Task directions
Transcribe everything in the listing as written, and let no image into the copy.
---------- Given material ----------
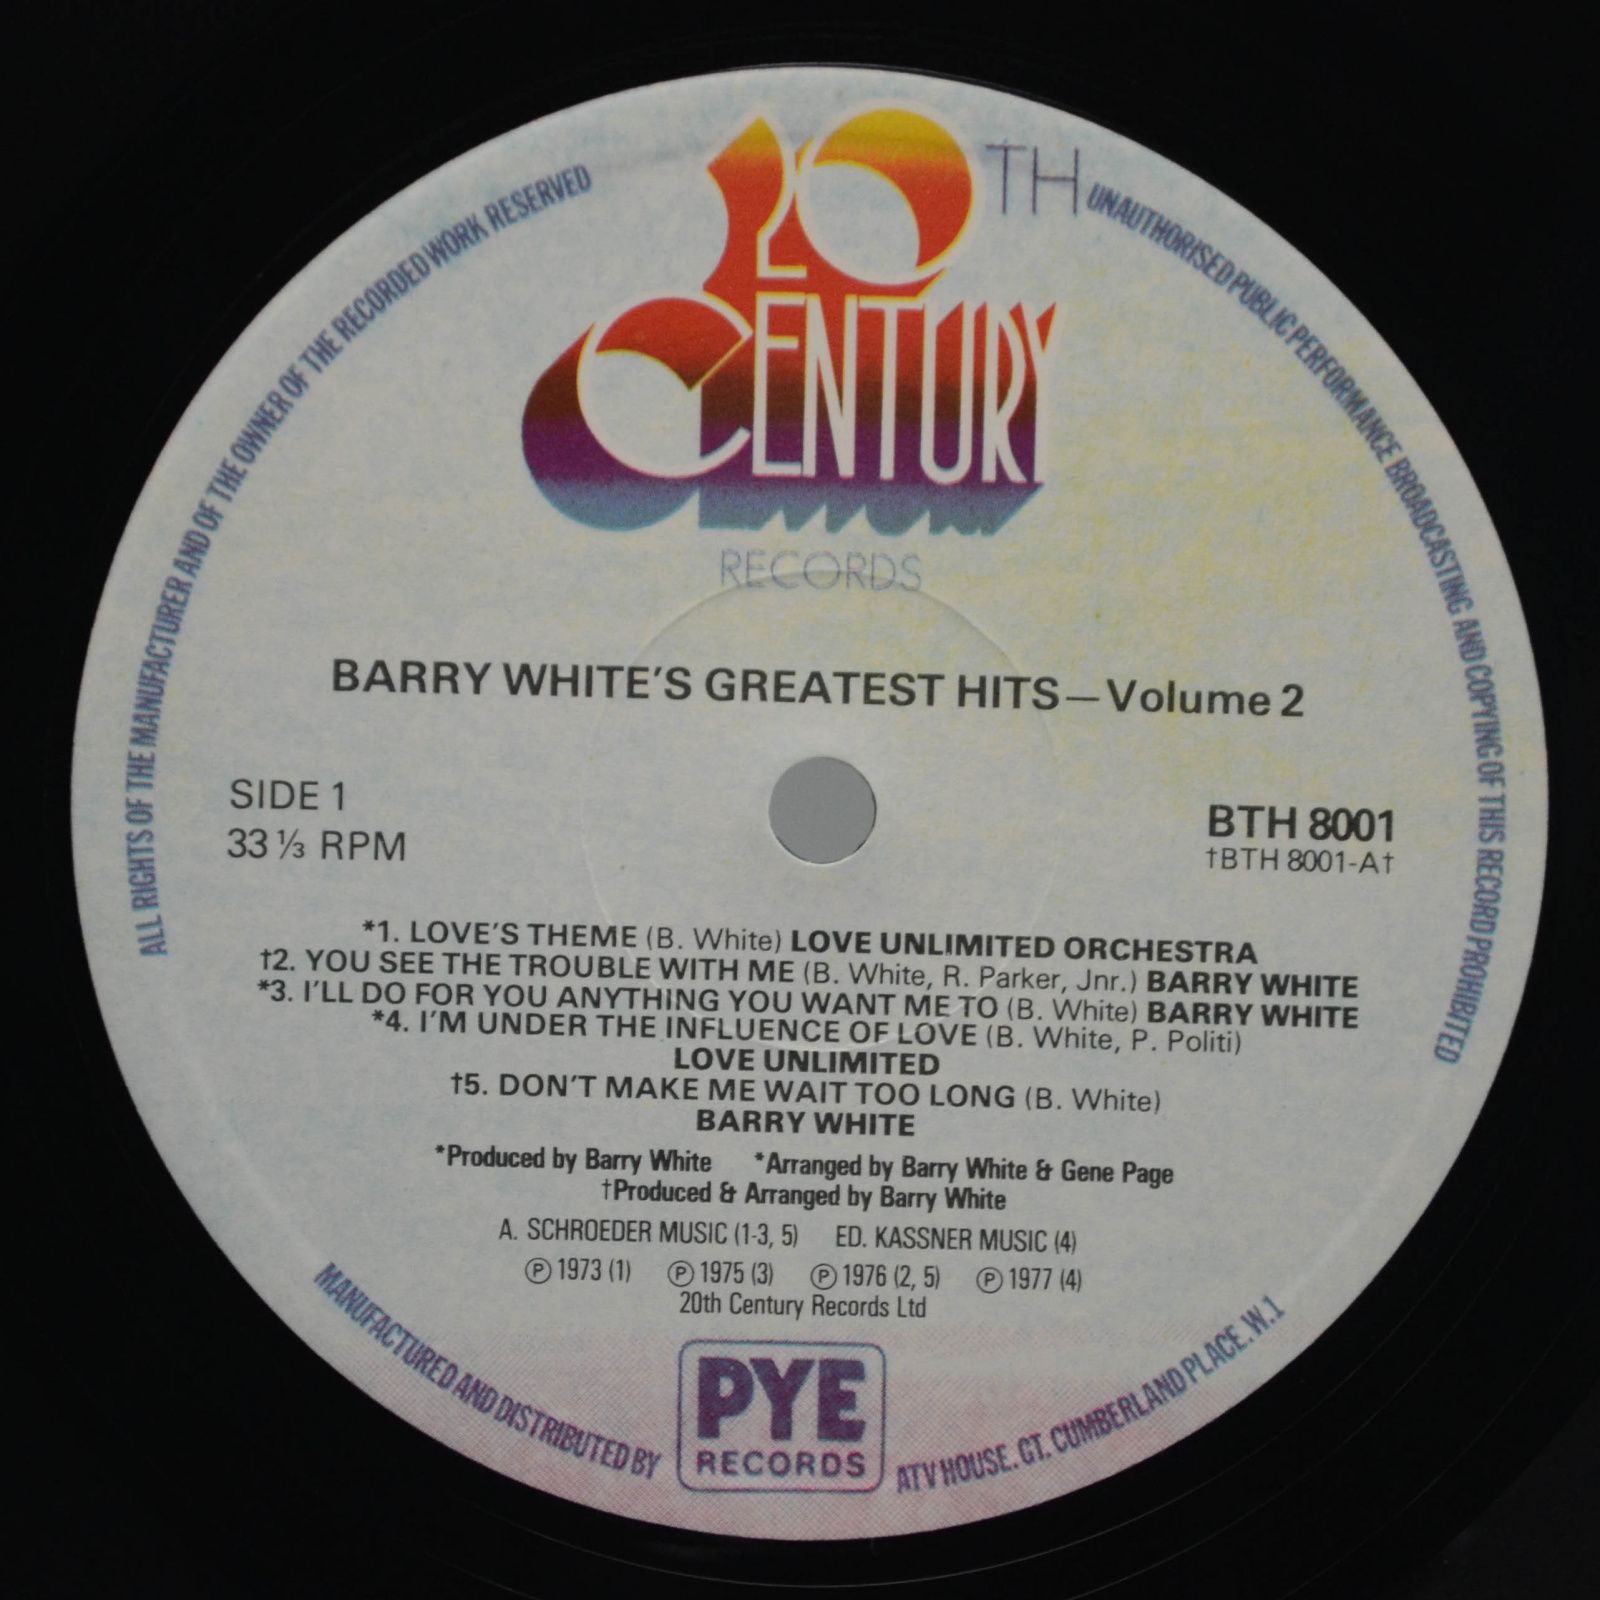 Barry White — Greatest Hits Volume Two (UK), 1977
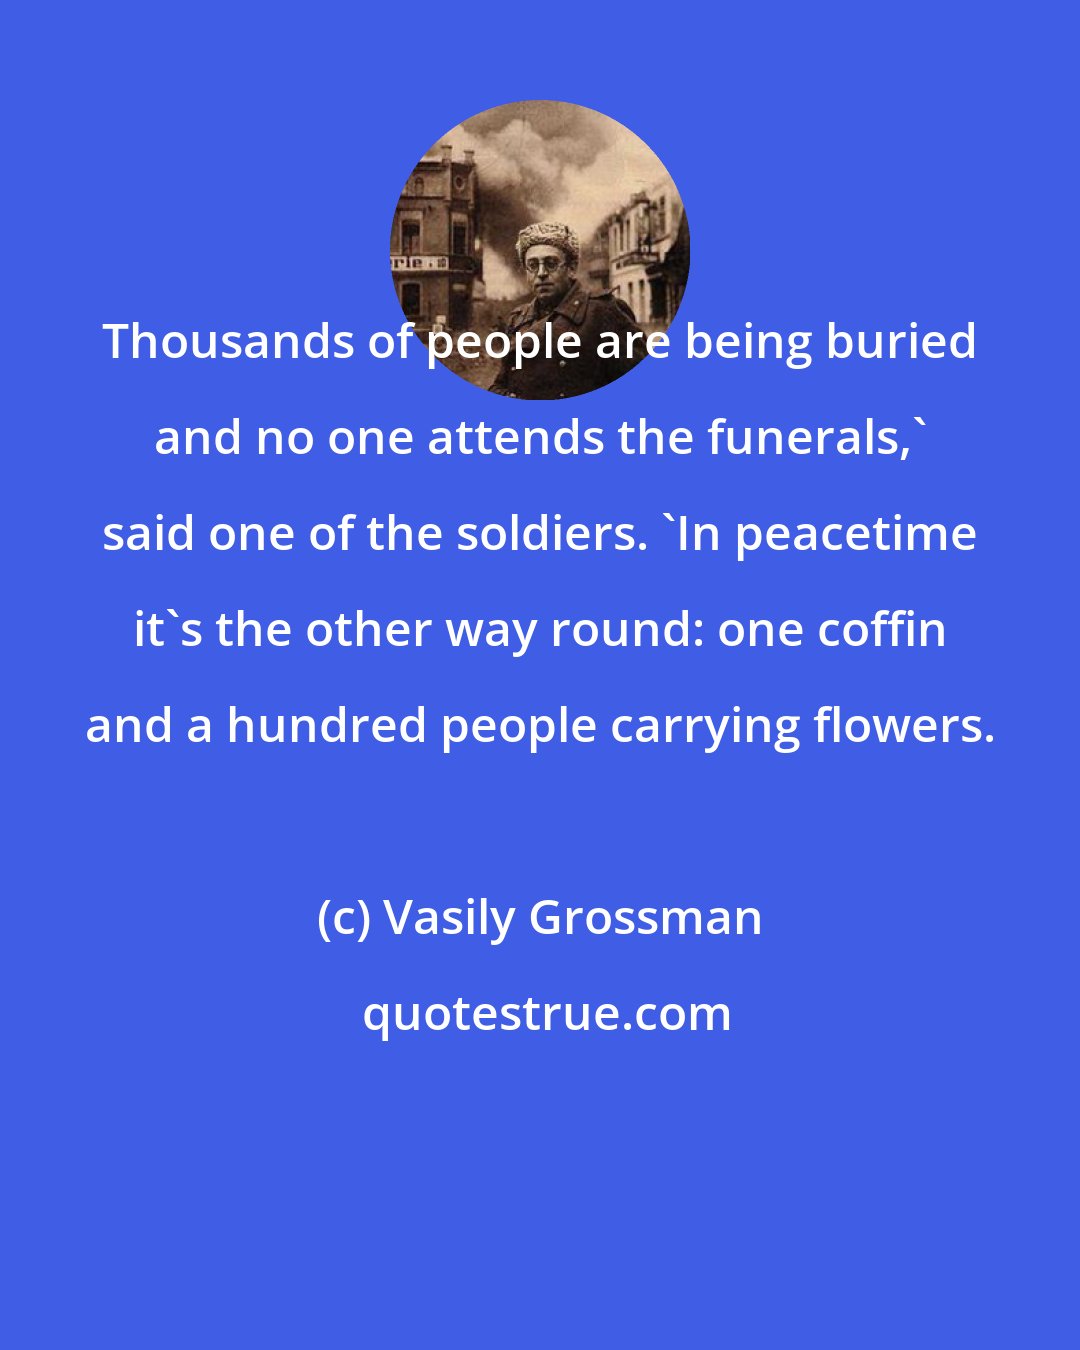 Vasily Grossman: Thousands of people are being buried and no one attends the funerals,' said one of the soldiers. 'In peacetime it's the other way round: one coffin and a hundred people carrying flowers.
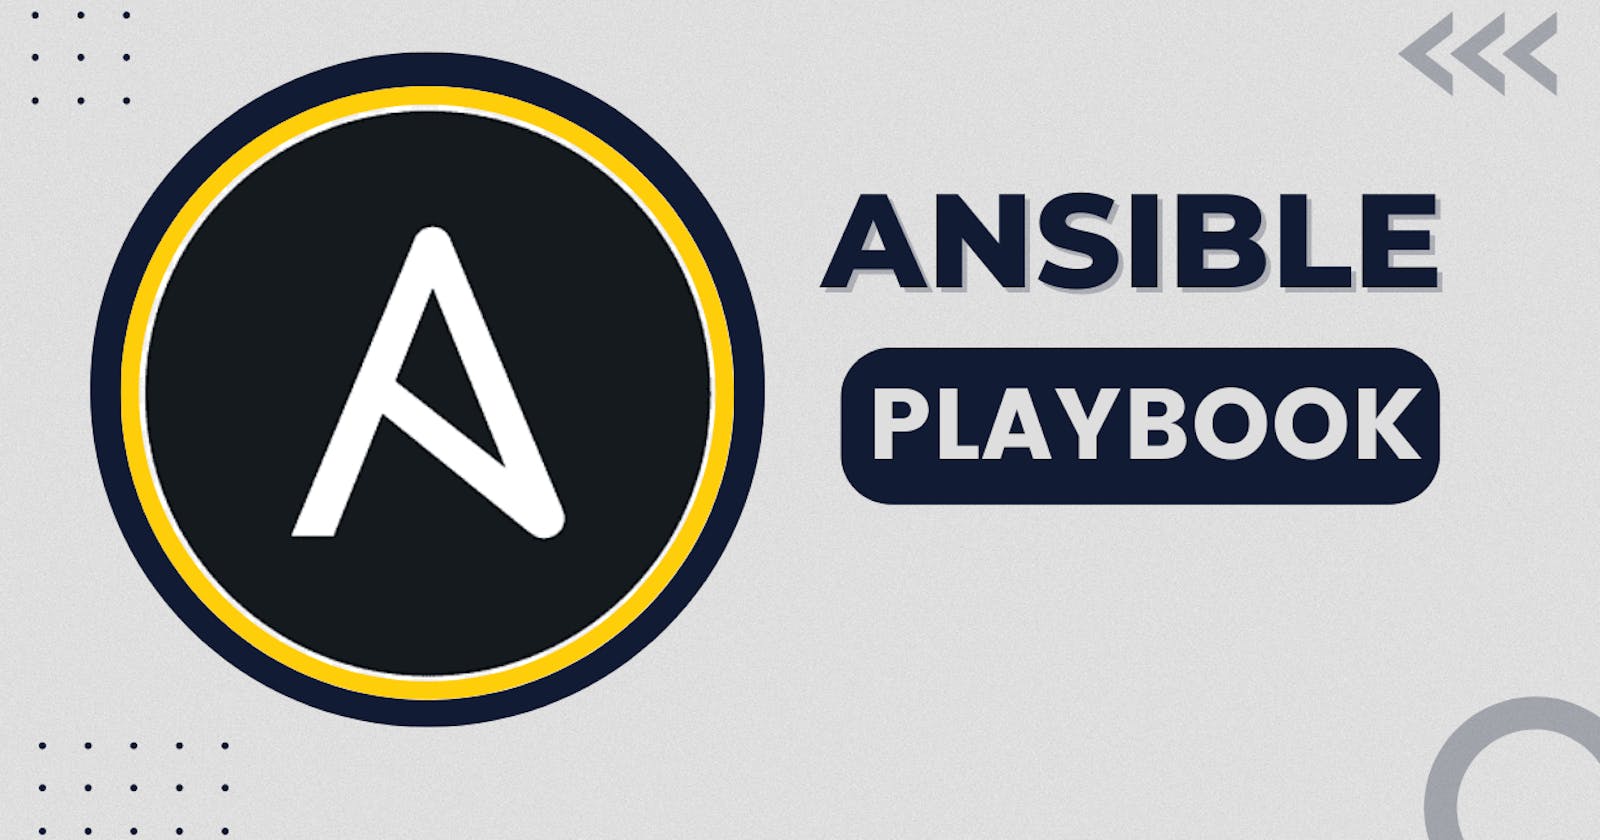 Ansible Playbook
----------
Written reply
 Barry White — Greatest Hits Volume Two (UK), 1977
 Vasily Grossman: Thousands of people are being buried and no one attends the funerals,' said one of the soldiers. 'In peacetime it's the other way round: one coffin and a hundred people carrying flowers.
 Ansible Playbook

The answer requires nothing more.